The present invention relates generally to high performance laser sources internally using nonlinear optical processes to convert laser light to greater frequencies. Merely by way of example, embodiments of the present invention provide an apparatus useful for generating coherent pulsed ultraviolet (UV) light with wavelengths that range between 190 and 350 nm, pulse durations that range between 1 ps and 300 ps, and 10 million or more pulses per second. As another example, embodiments of the present invention provides an apparatus useful for generating pulses of durations lying between 300 ps and 100 ns and occurring 100 thousand to 5 million times each second. In yet another example, pulse packets of a plurality of shorter pulses, each packet having a duration between 1 ns and 1 μs with 100 thousand to 100 million packets occurring each second. However, the scope of the present invention is not limited to this particular implementation and has a broader range of applicability.

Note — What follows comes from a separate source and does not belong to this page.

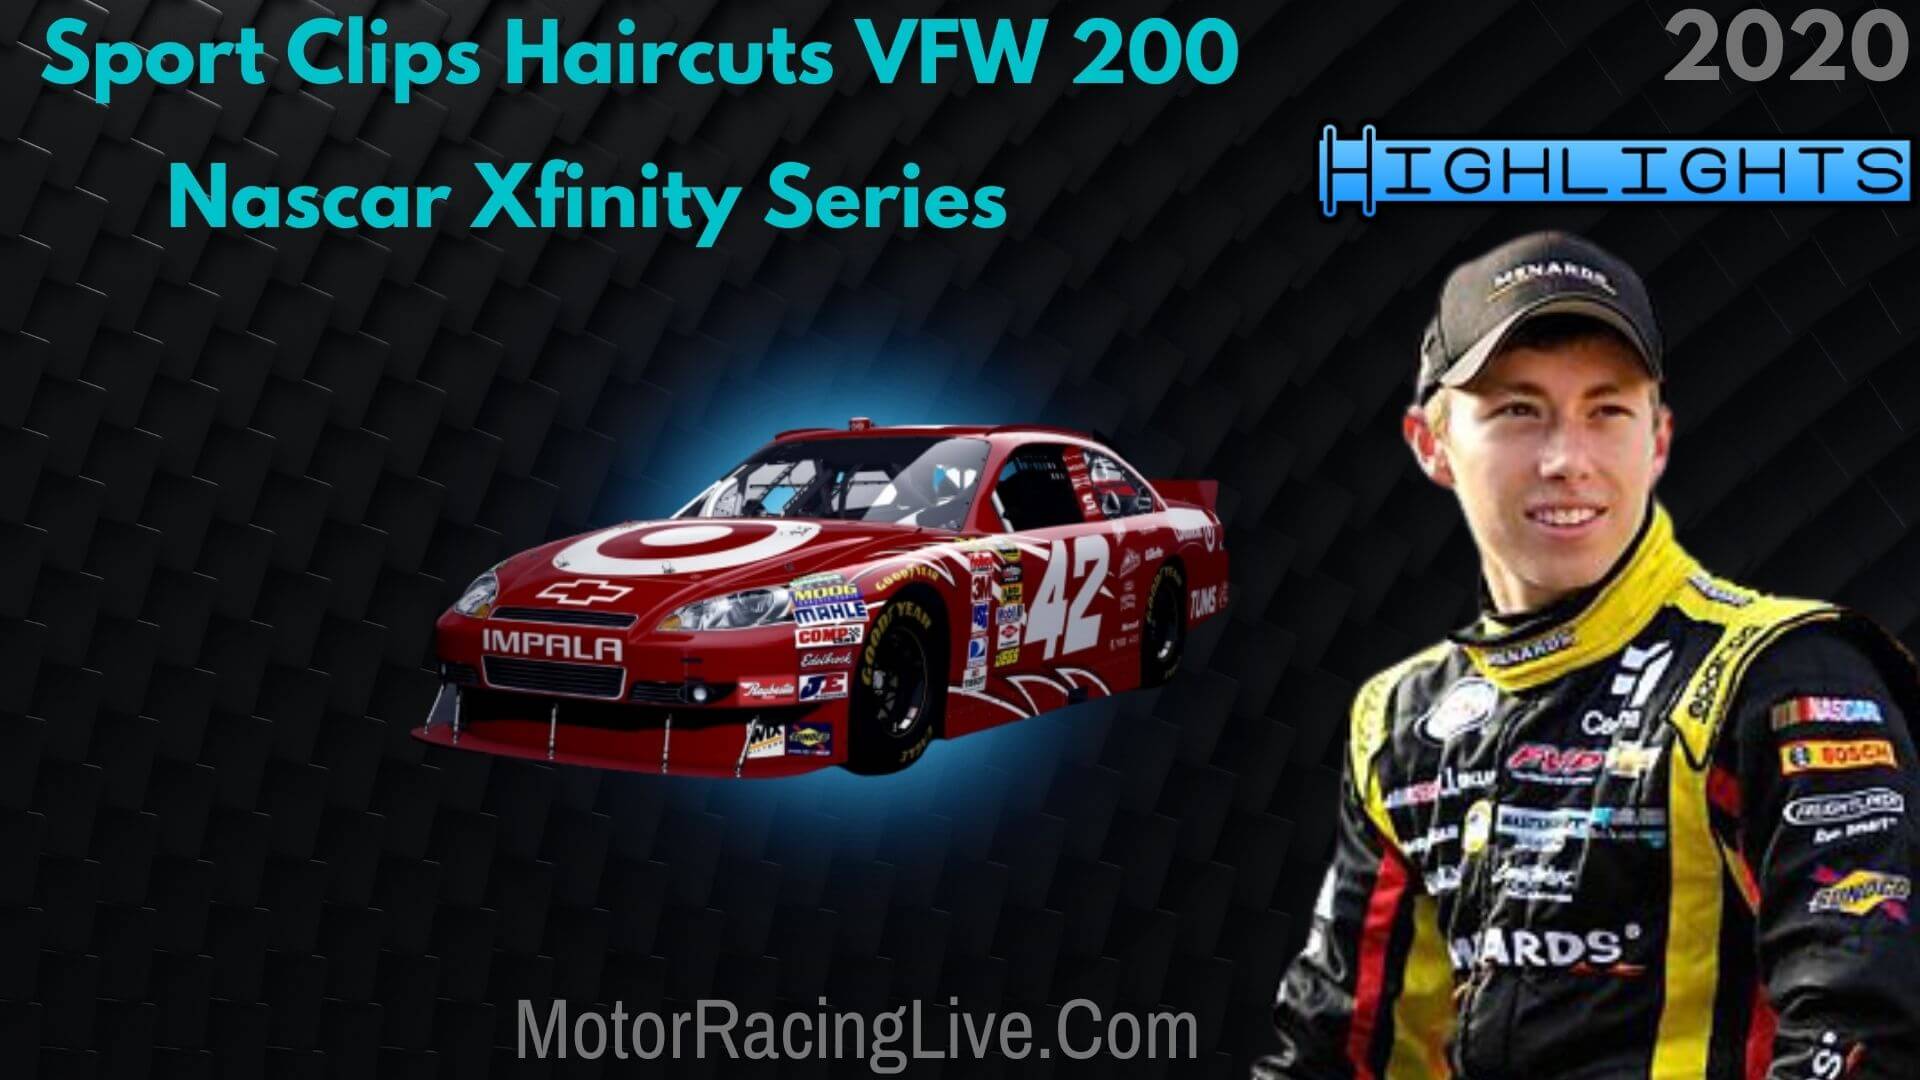 Sport Clips Haircuts VFW 200 Highlights Xfinity Series 2020

Ultraviolet lasers that emit light in the wavelength range 190-350 nm are in increasing demand for many industrial and research applications. UV sources have greater resolving power than visible or near-infrared (NIR) sources, so they are desired for applications requiring high-resolution imaging or scattering. UV sources also have greater energy per photon than visible or NIR sources, and thus they enable many applications that necessitate removal or modification of materials.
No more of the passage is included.